Please reproduce the entries exactly as they appear below, but not the pictures.

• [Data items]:
::::
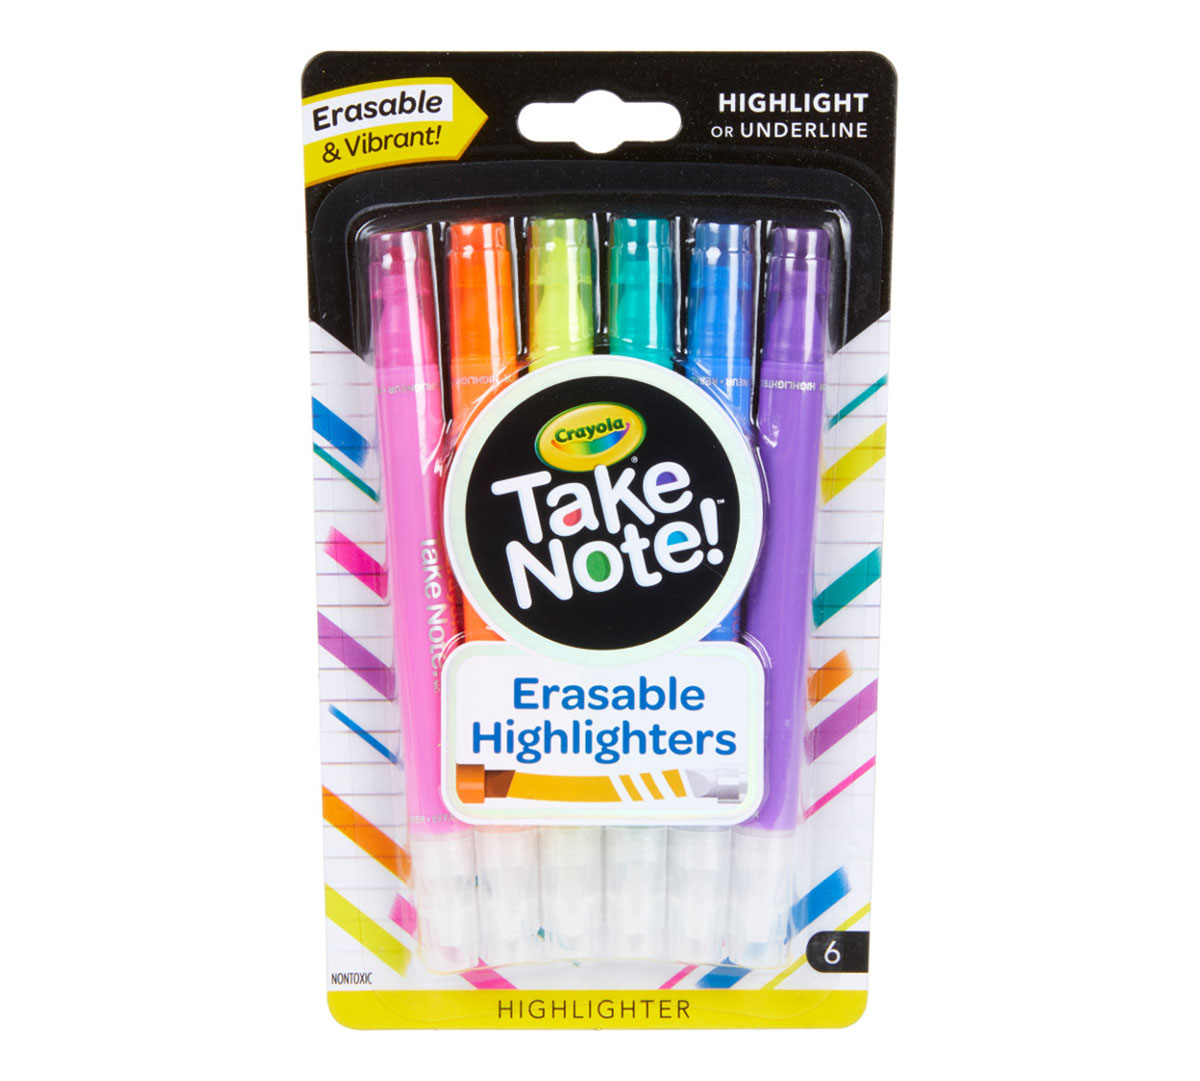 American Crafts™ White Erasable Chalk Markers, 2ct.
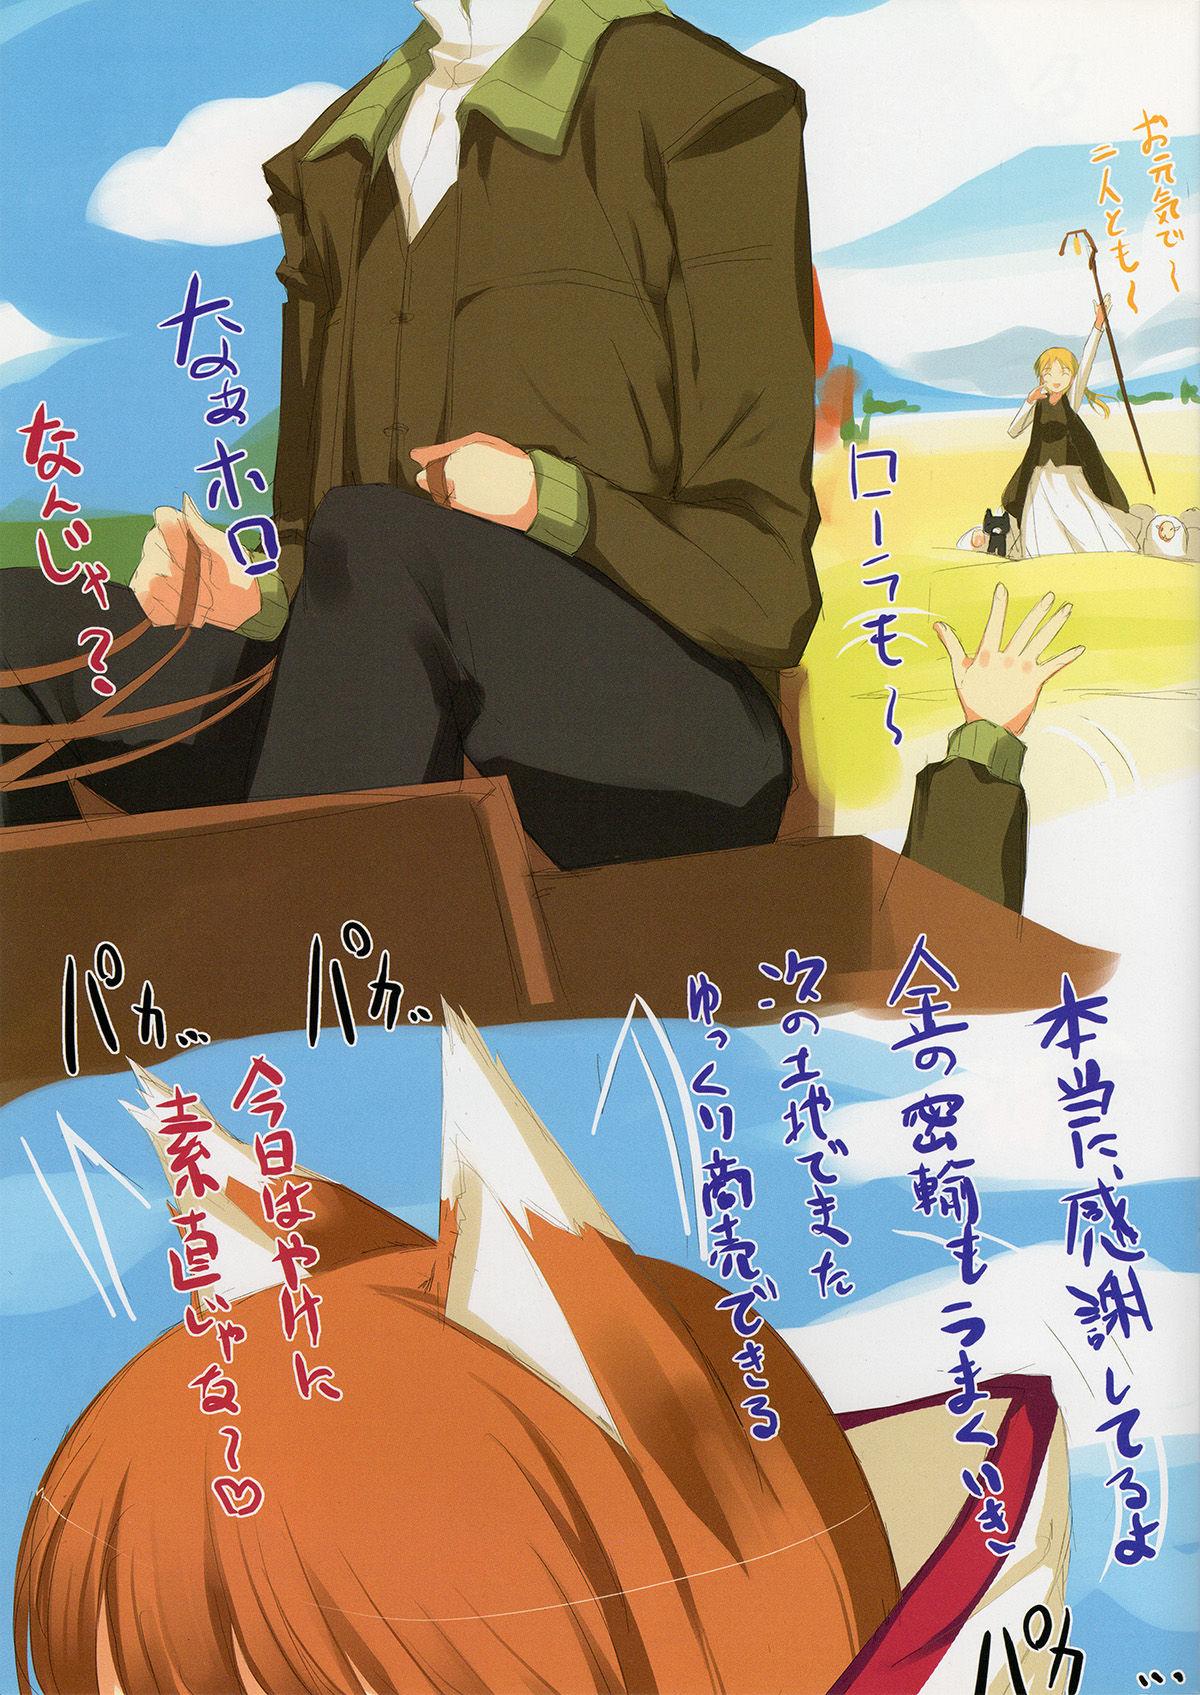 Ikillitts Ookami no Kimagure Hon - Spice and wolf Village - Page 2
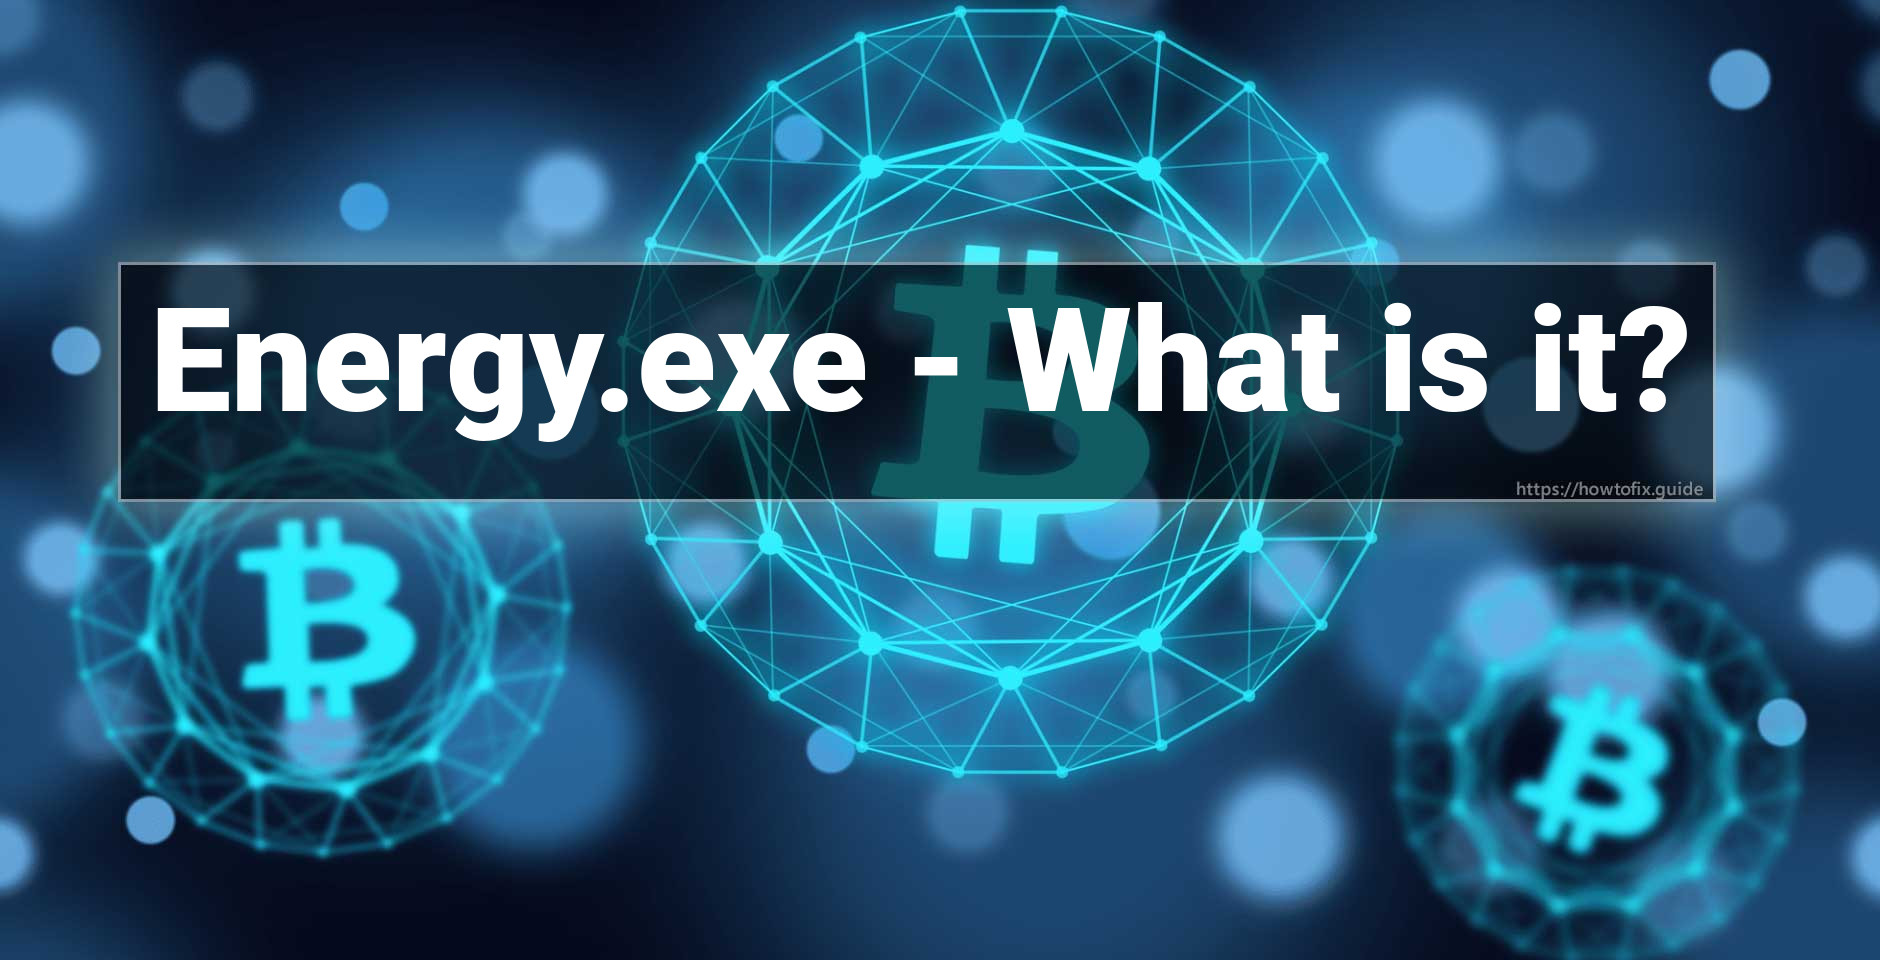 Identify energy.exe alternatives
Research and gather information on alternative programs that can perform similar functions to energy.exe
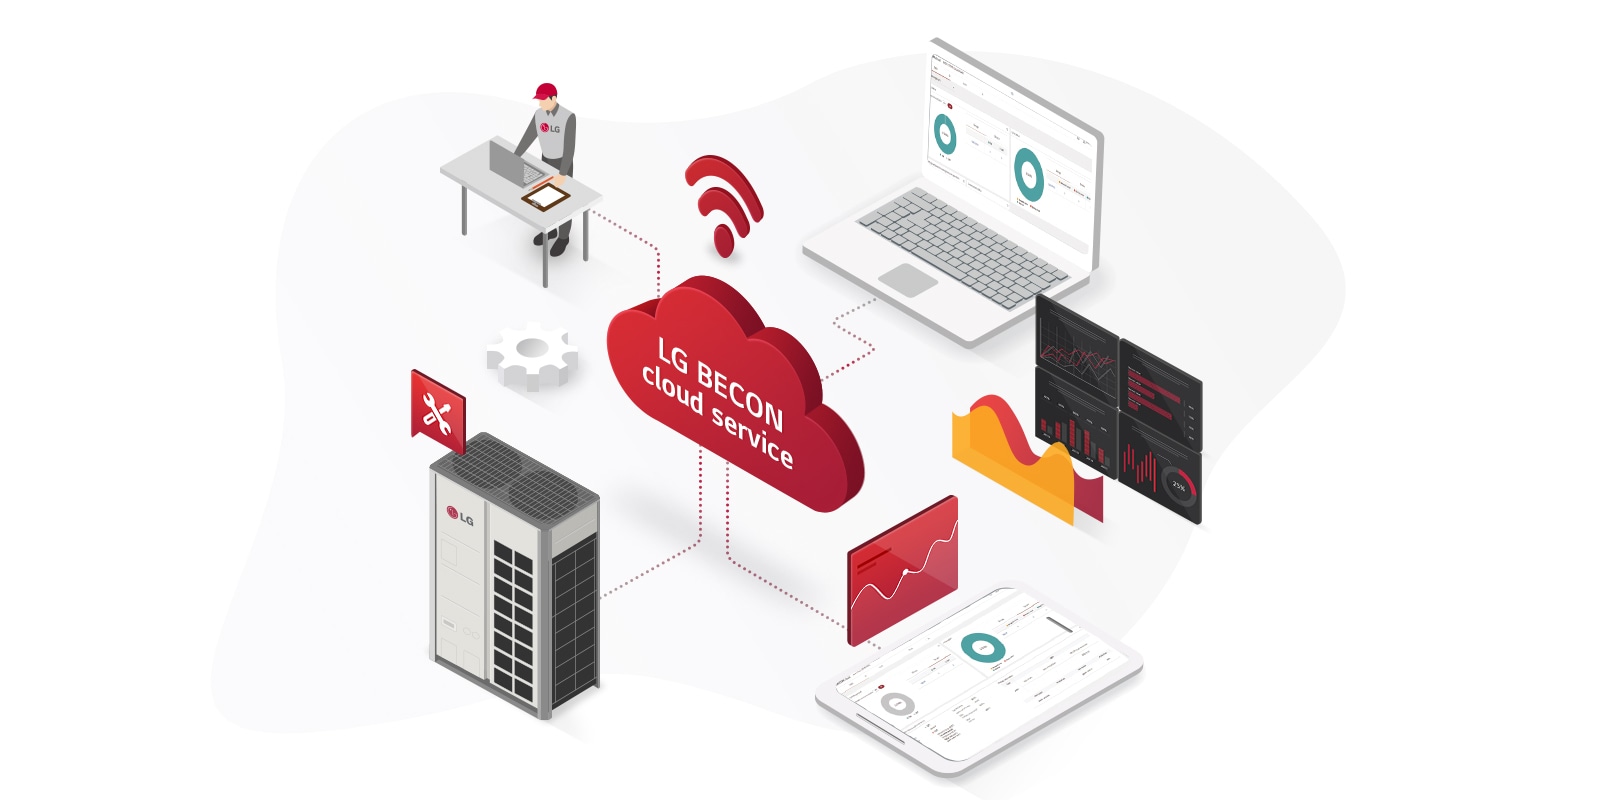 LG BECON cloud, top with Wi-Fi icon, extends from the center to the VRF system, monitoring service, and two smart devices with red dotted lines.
::::
• [Answer for the task]:
 American Crafts™ White Erasable Chalk Markers, 2ct.
 Ikillitts Ookami no Kimagure Hon - Spice and wolf Village - Page 2
 Identify energy.exe alternatives
Research and gather information on alternative programs that can perform similar functions to energy.exe
 LG BECON cloud, top with Wi-Fi icon, extends from the center to the VRF system, monitoring service, and two smart devices with red dotted lines.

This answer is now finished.